Comparing quantitative with qualitative marketing research is not always successful, among others, because of the nomenclature used. For example, the term “qualitative research” is often associated with “qualitative data analysis”, used in sociology and psychology, as well as with the term “analysis of qualitative data”, which is used in statistics. Similar situation occurs in quantitative research, where overlapping, ambiguous terms can be found. For example, on the one hand, we have the term: “analysis of quantitative data”, but on the other hand, the term “quantitative analysis of qualitative data” can be found. Therefore, the use of the term “quantitative data analysis” without using the second part, that is without the reference to the particular type of data, is completely incomprehensible.

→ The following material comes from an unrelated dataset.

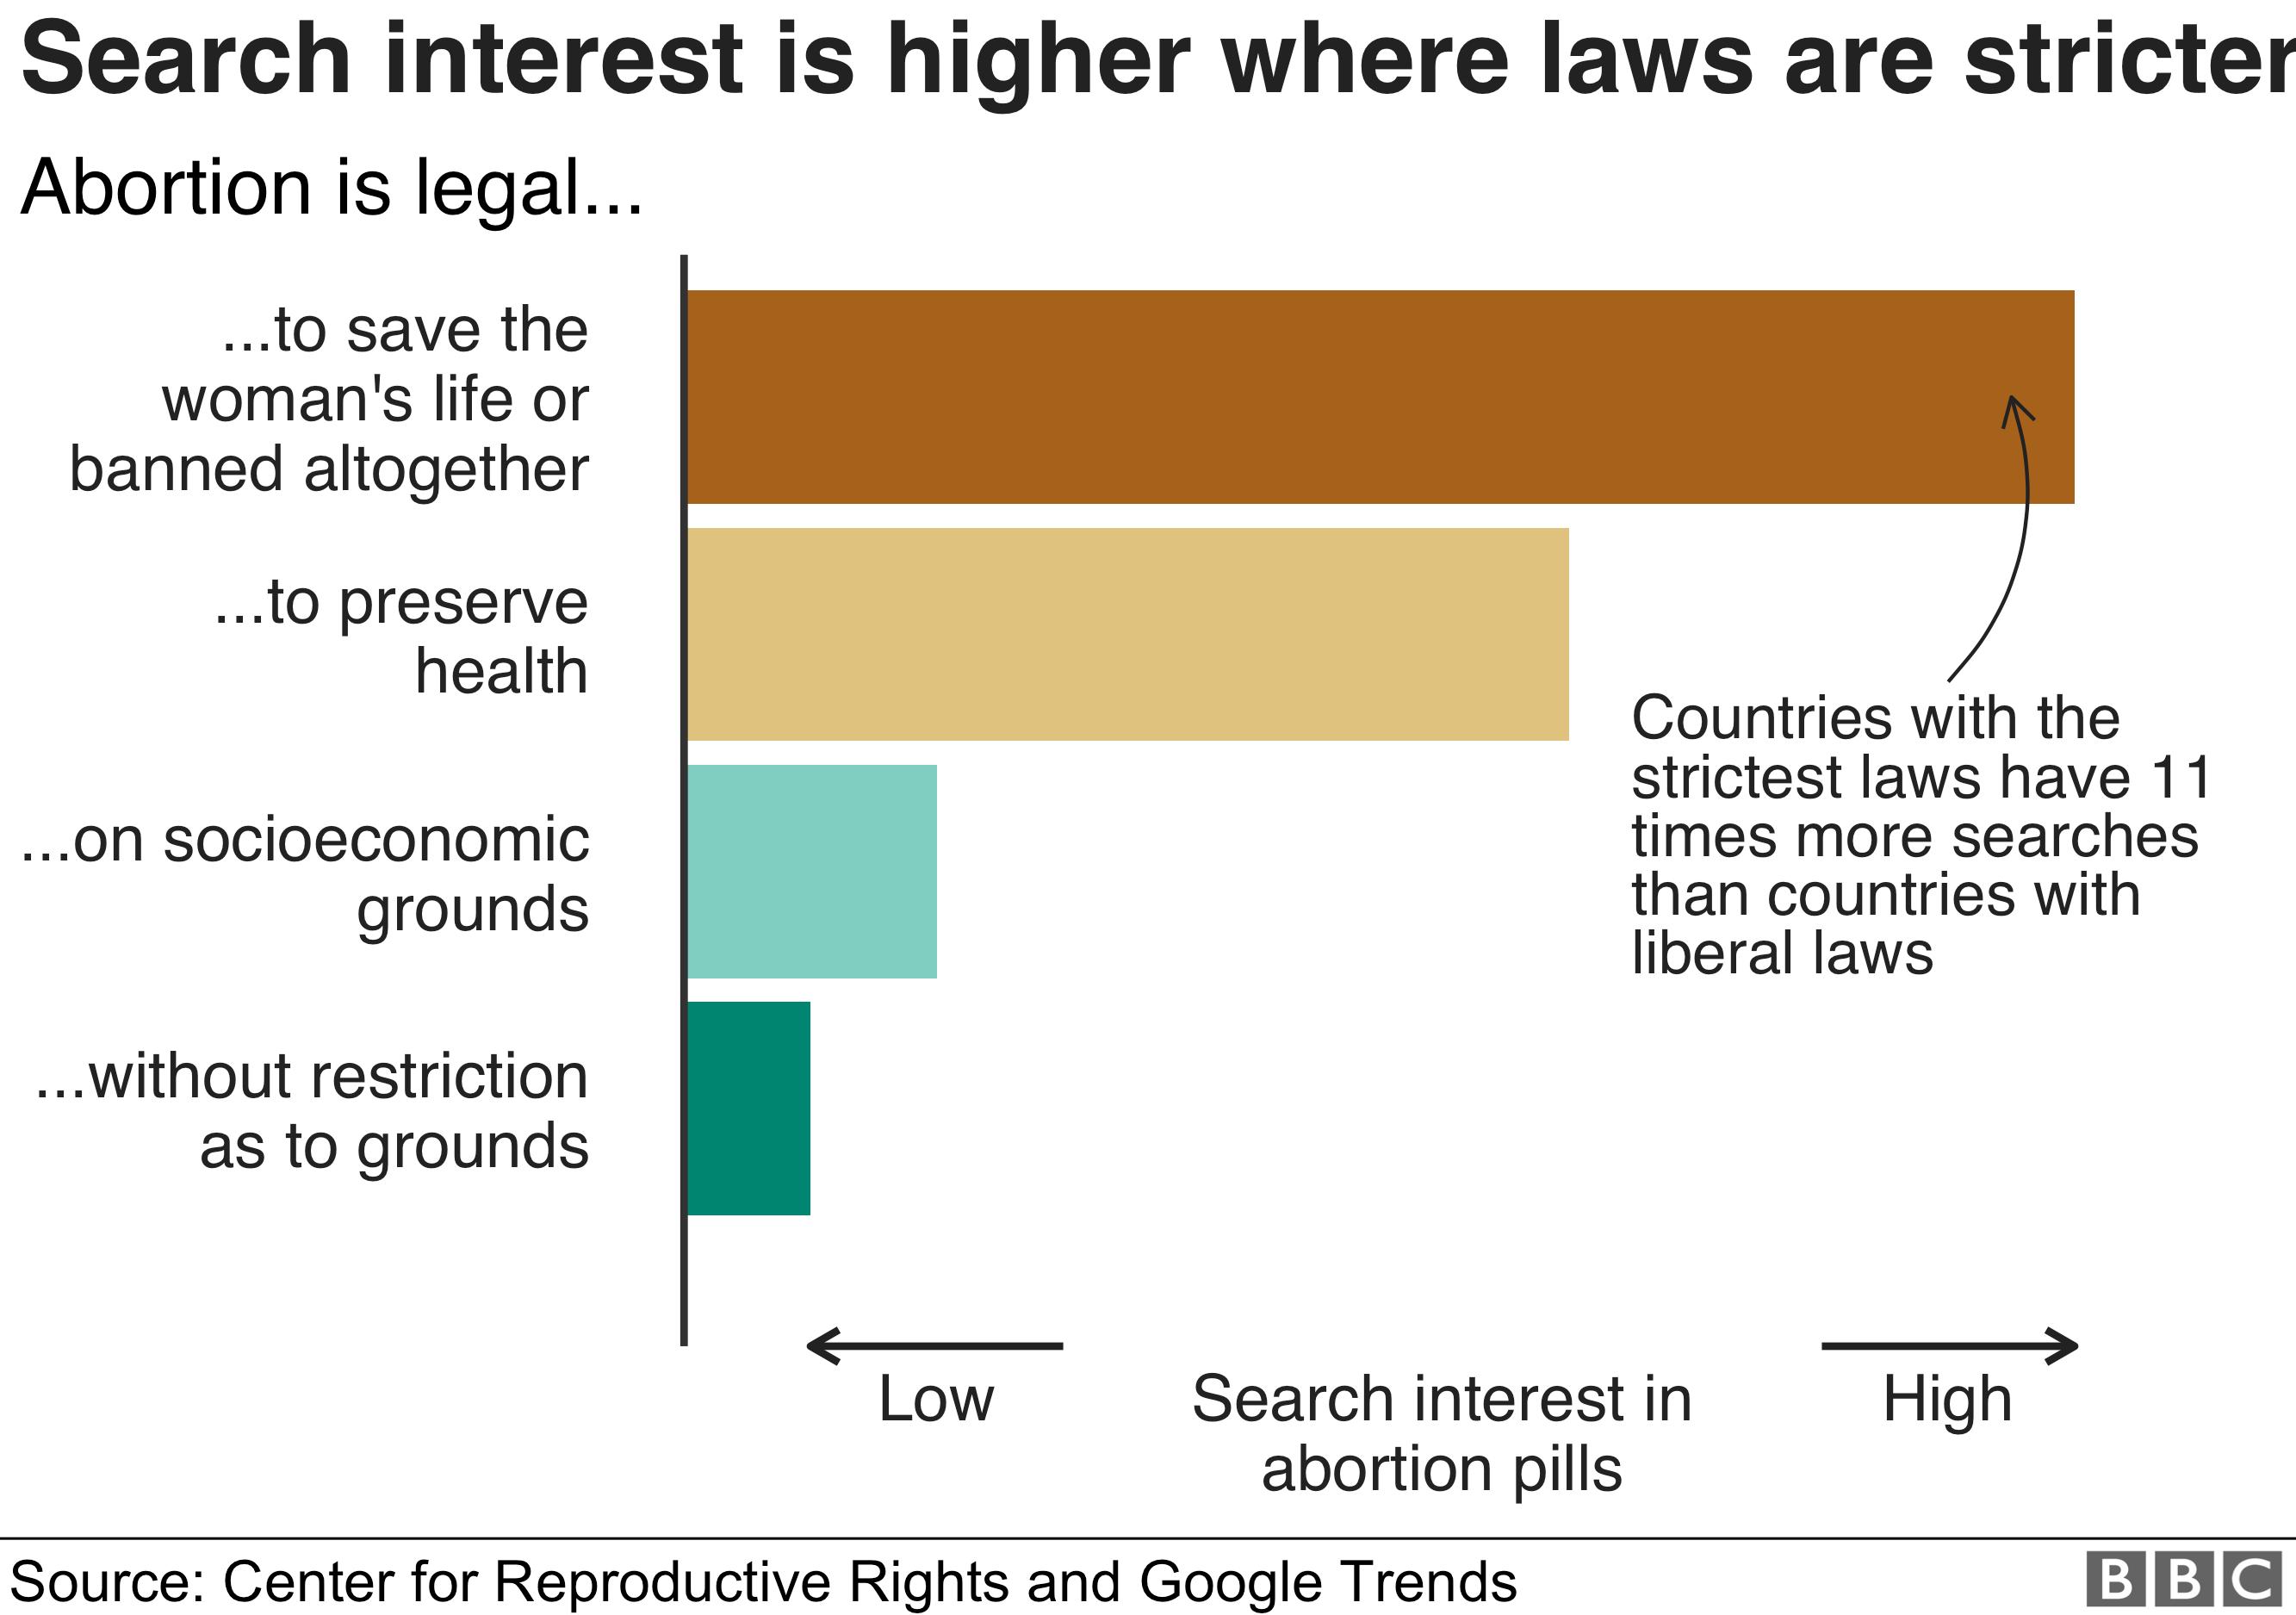 Диаграмма: Интерес к поиску выше там, где законы строже

The distinction between qualitative and quantitative research concerns several areas (Borys, 1991):

  • 1.

    Philosophical-Logical: Involves asking questions like “what is the research subject or set of subjects”, or in other way, “what is the character of the research subject or set of subjects” and “how many subjects is there?”, which describe appropriately the qualitative and quantitative aspect of the analysis of the subject set.

  • 2.

    Qualimetrics: A discipline dealing with the theory of quality, which assumes that qualitative description is equivalent to describing particular characteristics, whereas quantitative description is equivalent to having particular characteristics. It means, in practice, that qualitative description refers to the trait, which is a definition of a notion (for example: “reliability”, etc.) and referring to the information theory, it reflects the set of information of the same type about the subject of the research (Baborski, 1979). As a result, we always should accept some agreed convention, under which the information about the research subject is considered to be of the same kind.

  • 3.

    Statistics: In which the term of quality variable (also called “attribute”) is used the most often as a synonym of such terms as: “qualitative trait”, “non-measurable trait”, or “qualitative attribute”, whereas, with reference to quantitative variable, the most often used terms are “quantitative trait”, “measurable trait”, “quantitative attribute”.

Apart from the above comparison, we may refer to the research, in the view of the project planning, under which the researcher is looking for the answer to such questions as (Tarka, 2014):

  • On what level of detail and generalization should our knowledge be?

  • Should the knowledge result from the information on objective or subjective level?

  • What detail methods, data collection and analysis techniques should be applied to solve our research problem?

When looking for the answers to such questions, both on the grounds of quantitative, as well as qualitative research, the researcher should, first of all, realize the purpose and the aim of the conducted research project and the final form of the collected data (Mertens, 1998; Crotty, 1998; Lincoln & Guba, 2000; Neuman, 2000).